Goal of the exercise — Using the records that follow, reproduce exactly the lines starting at the line containing "Lupines (Lupinus sp.)" and ending at the line containing "69 Chevy Camaro". Include both end lines and no pictures.

Supplied data —
· · ·
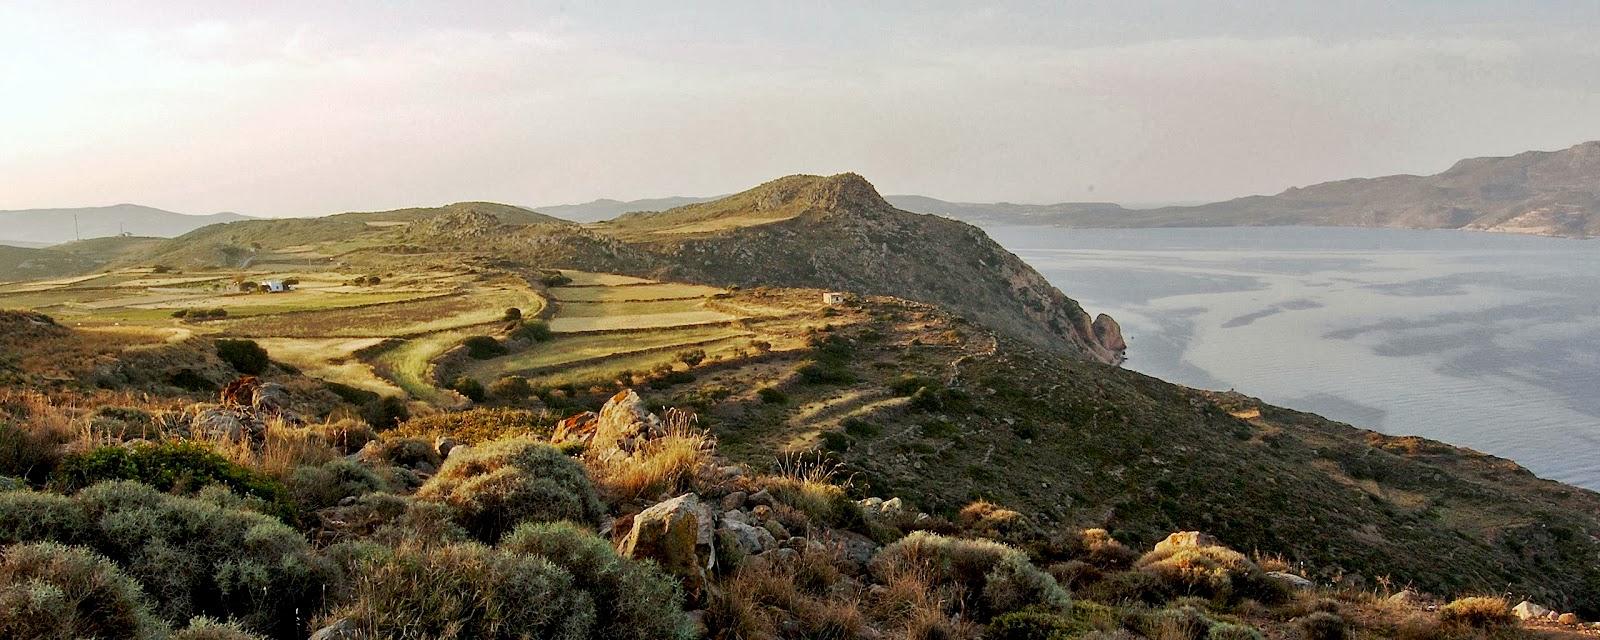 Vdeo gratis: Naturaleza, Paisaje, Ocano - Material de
· · ·
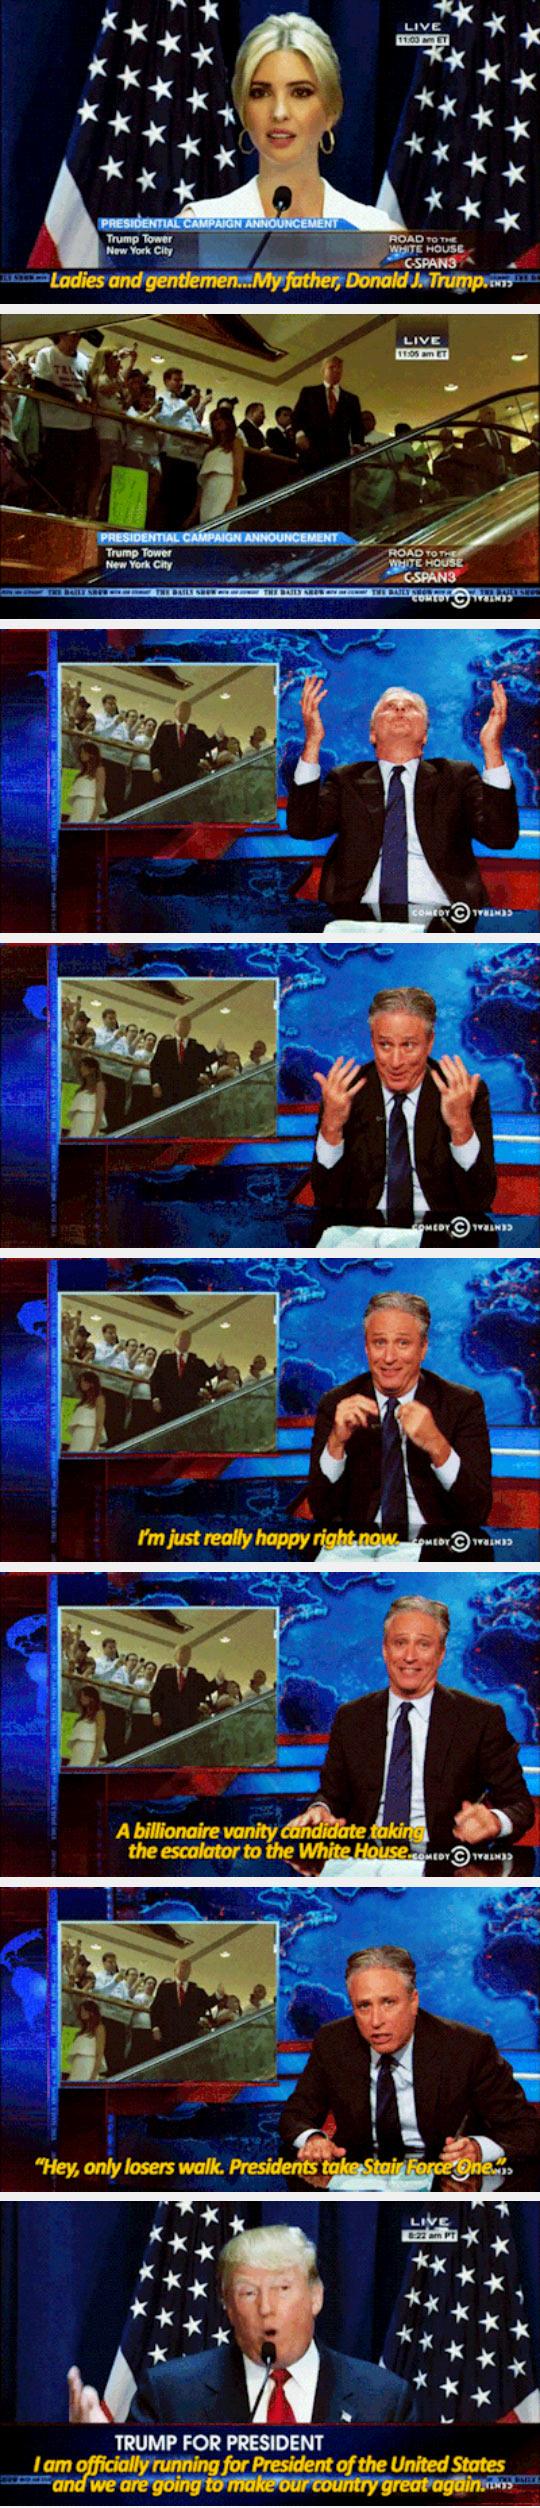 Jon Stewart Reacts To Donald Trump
· · ·
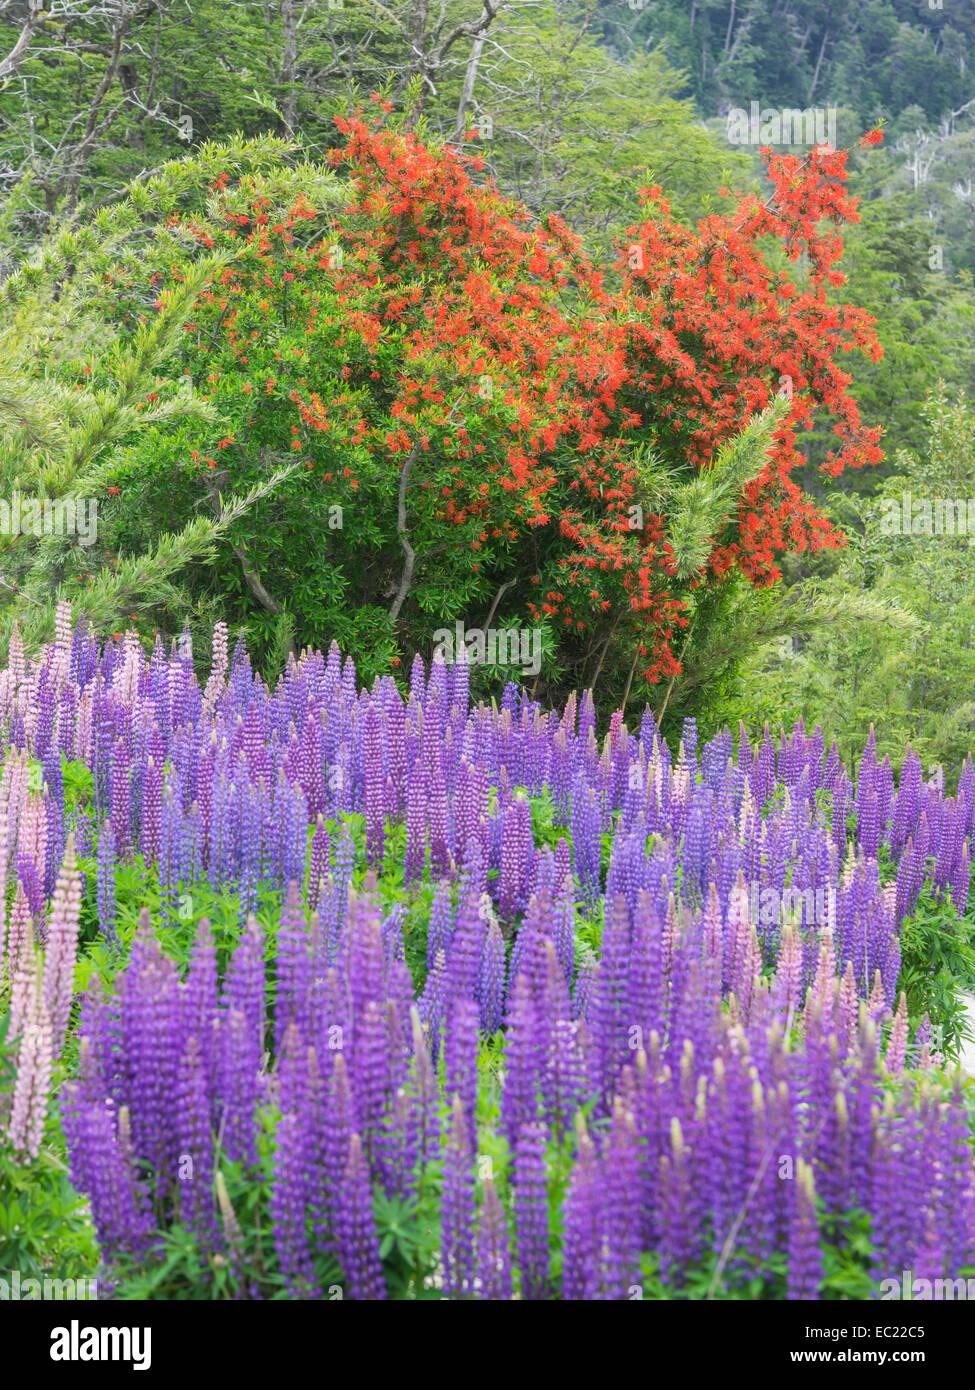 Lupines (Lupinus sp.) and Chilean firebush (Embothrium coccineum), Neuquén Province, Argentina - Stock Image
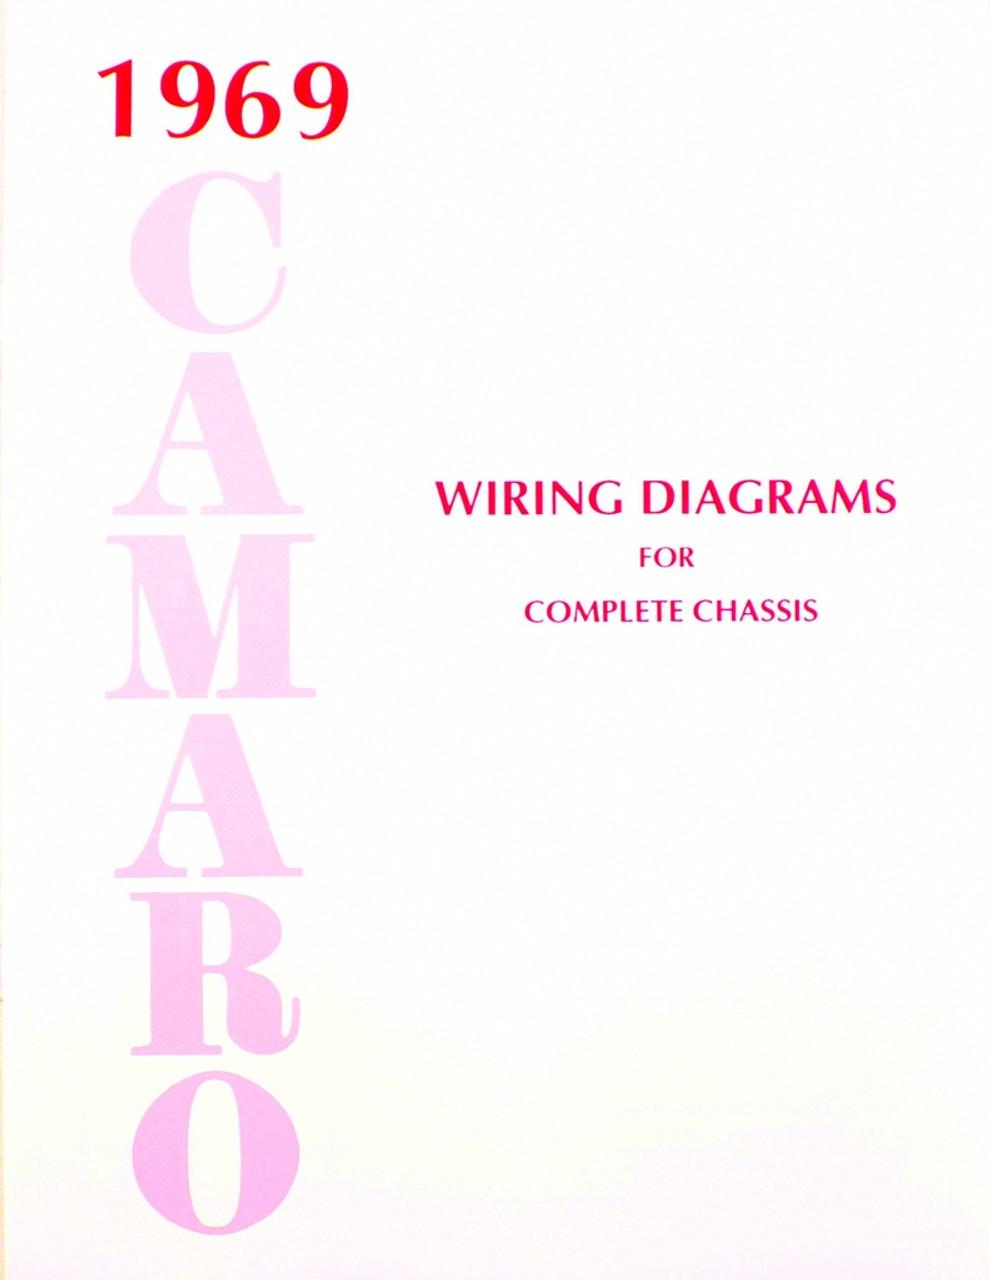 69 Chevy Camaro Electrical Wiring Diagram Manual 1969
· · ·
Written answer —
 Lupines (Lupinus sp.) and Chilean firebush (Embothrium coccineum), Neuquén Province, Argentina - Stock Image
 69 Chevy Camaro Electrical Wiring Diagram Manual 1969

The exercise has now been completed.